_What the task asks_
In the entries that follow, the line with "Laying-back-reading-of-doubt-riding-shotgun-book.jpg" opens the range and the line with "End Fit Tapered Shorts - Black / Black" closes it; repeat that range exactly, both lines included.

_Source information_

== Segment start ==

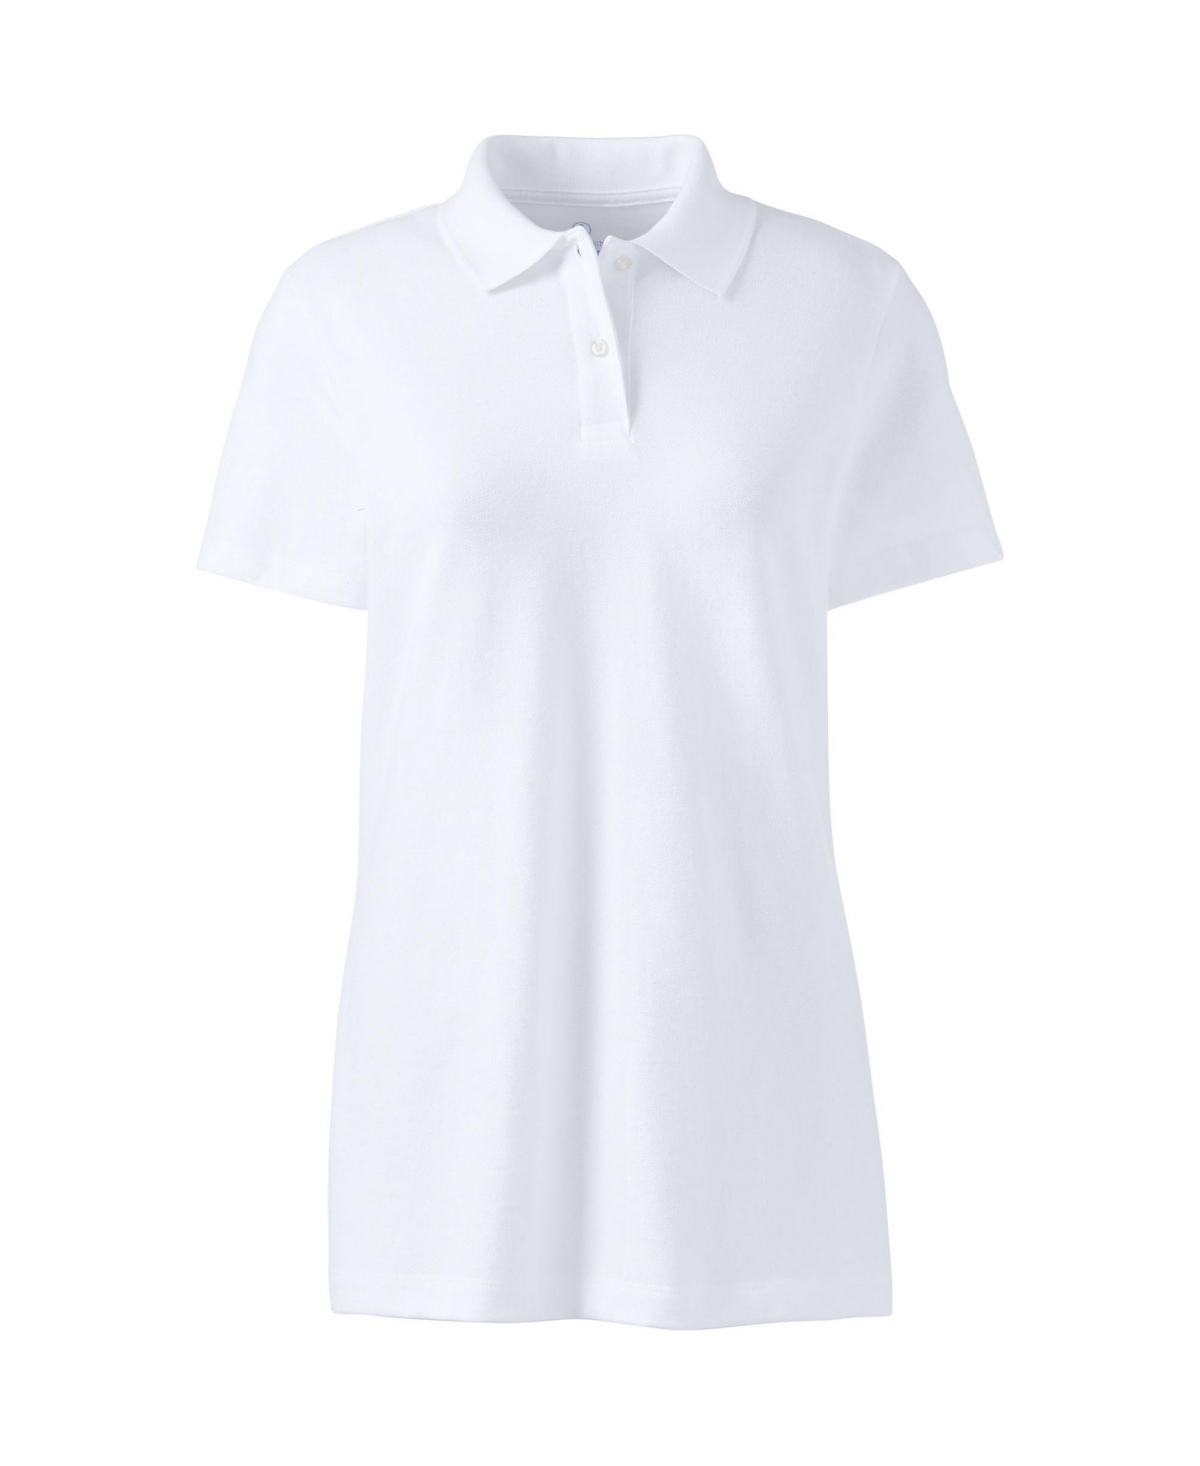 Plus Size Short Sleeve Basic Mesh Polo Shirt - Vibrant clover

== Segment end ==
== Segment start ==

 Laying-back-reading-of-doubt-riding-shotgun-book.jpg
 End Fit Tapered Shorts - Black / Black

== Segment end ==
== Segment start ==

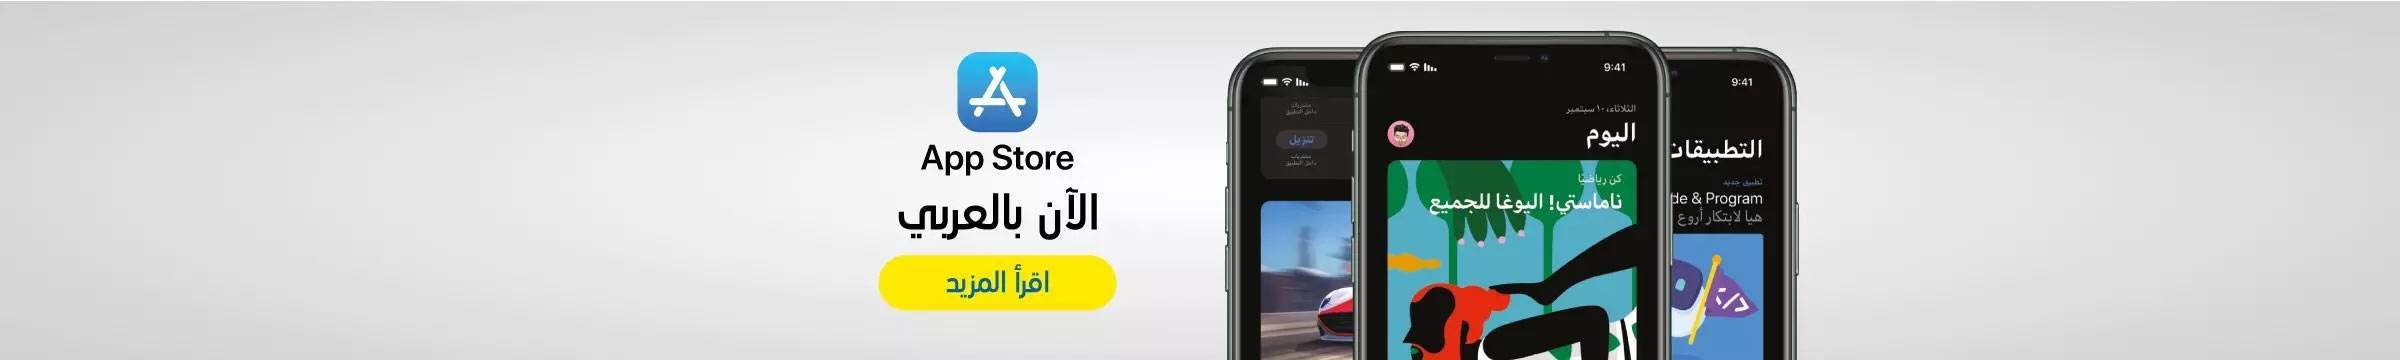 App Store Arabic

== Segment end ==

_Solution to the problem_
 Laying-back-reading-of-doubt-riding-shotgun-book.jpg
 End Fit Tapered Shorts - Black / Black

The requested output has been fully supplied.